Define a sequence $\{C_k\}_{k=0}^\infty$ of subsets of $A$ by $C_0=A-B$, $C_{k+1}=f(C_k)$. Assume that there exist integers $j<k$ such that
$C_j\cap C_k\ne\emptyset$; we may take $j$ to be minimal. Because $C_0\not\subset B$ but $C_k\subset B$ for $k>0$, $j>0$. Thus $C_j=f(C_{j-1})$ and $C_k=f(C_{k-1})$. Since $f$ is injective, $C_{j-1}\cap C_{k-1}\ne\emptyset$, contradicting the minimality of $j$. Hence the $C_k$ are pairwise disjoint.

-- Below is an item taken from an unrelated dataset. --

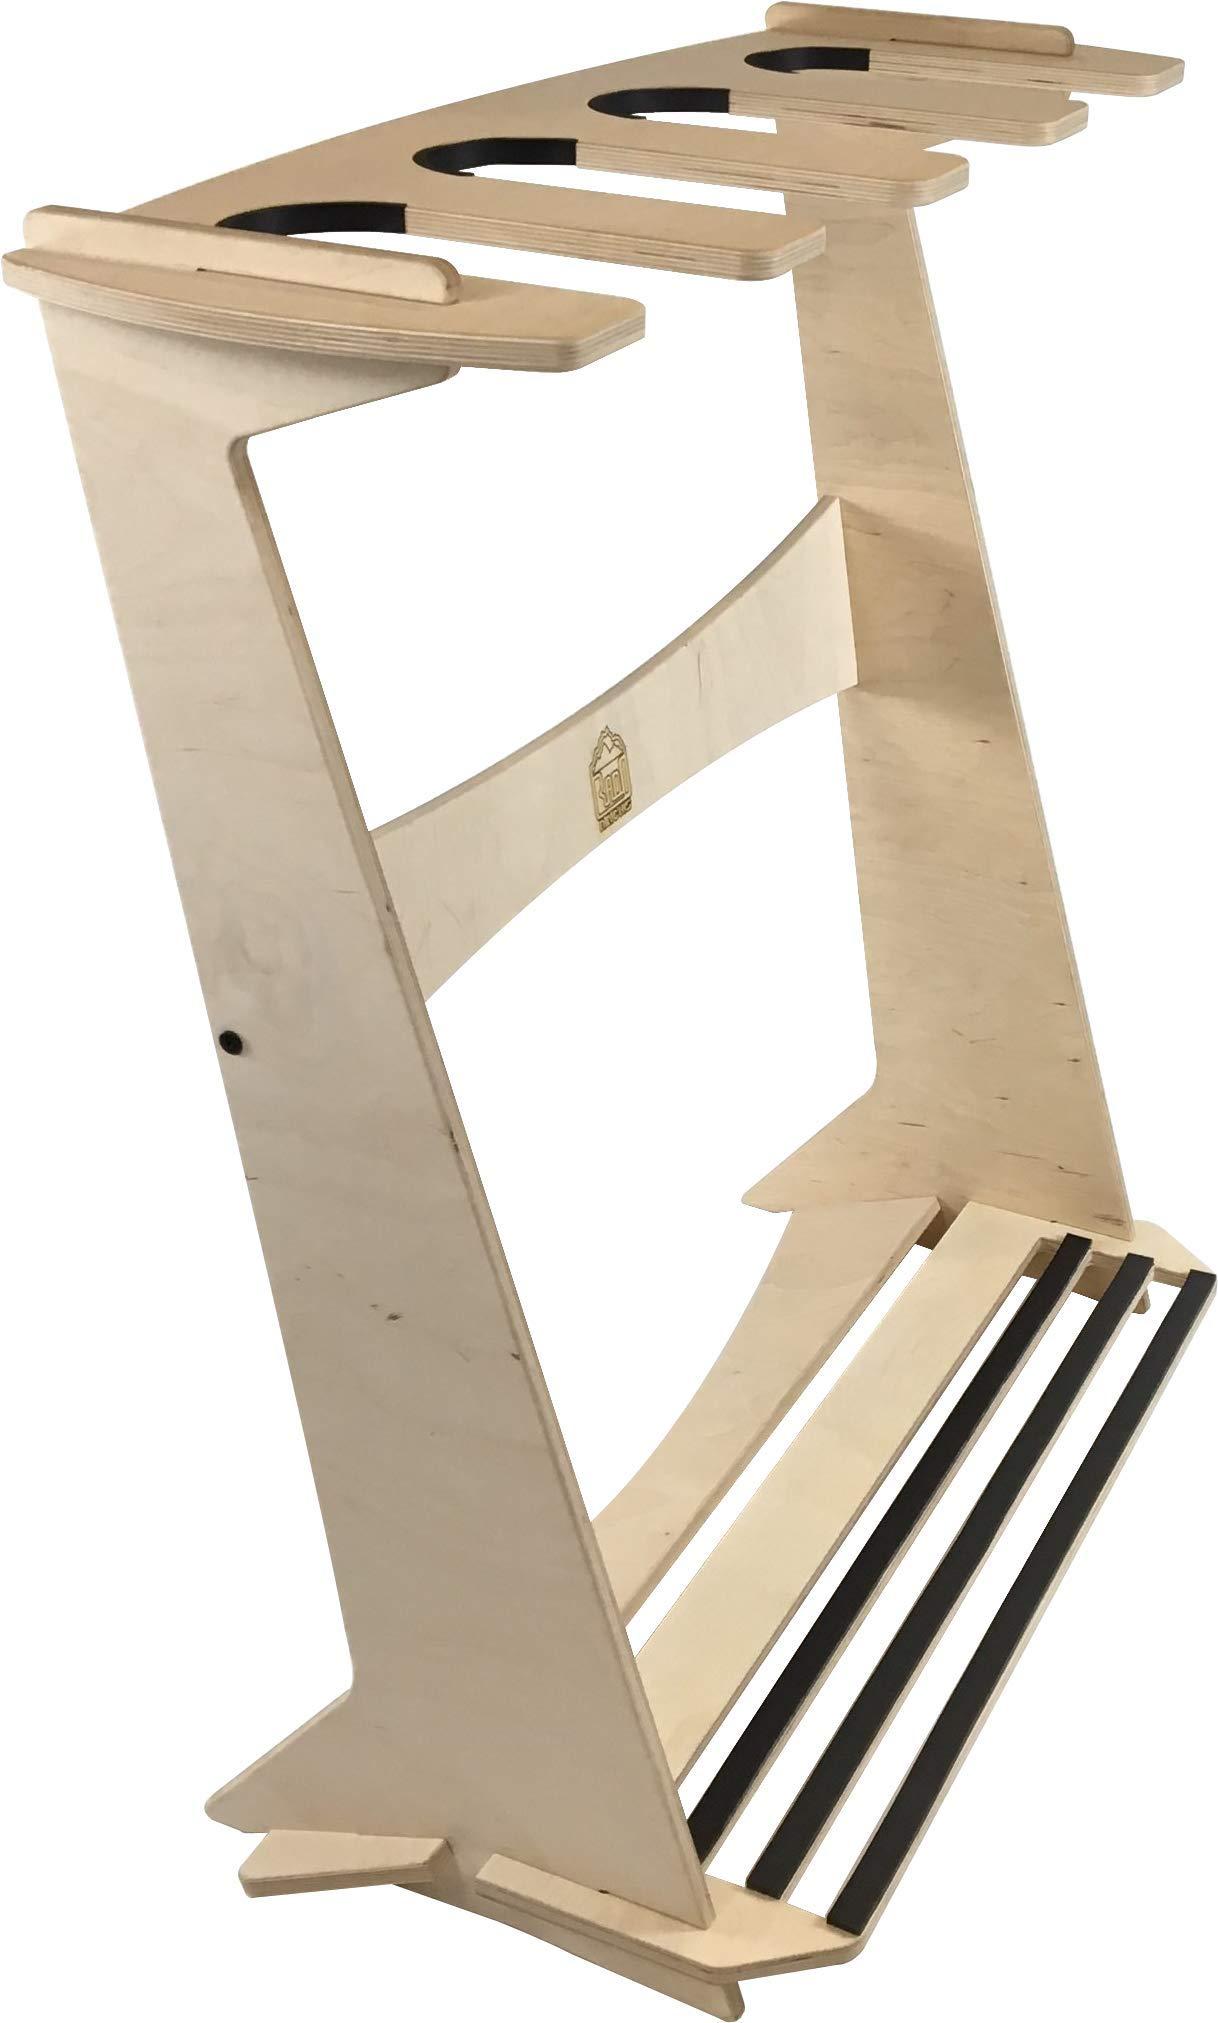 The Pacifica Freestanding Surfboard Display Rack (Holds 4 Boards) by Rado Racks

Now let $C=\bigcup_{k=0}^\infty C_k$, and define $h:A\rightarrow B$ by
\[h(z)=\left\{\begin{array}{ll}
f(z), & z\in C \\
z, & z\not\in C
\end{array}\right. .\]
If $z\not\in C$, $z\in B$, so $h$ is well-defined; $h$ is injective by construction.
Let $b\in B$. If $b\not\in C$, then $h(b)=b$. Otherwise, $b\in C_k=f(C_{k-1})$ for some $k>1$, and so
there is some $a\in C_{k-1}$ such that $h(a)=b$. Thus $h$ is bijective.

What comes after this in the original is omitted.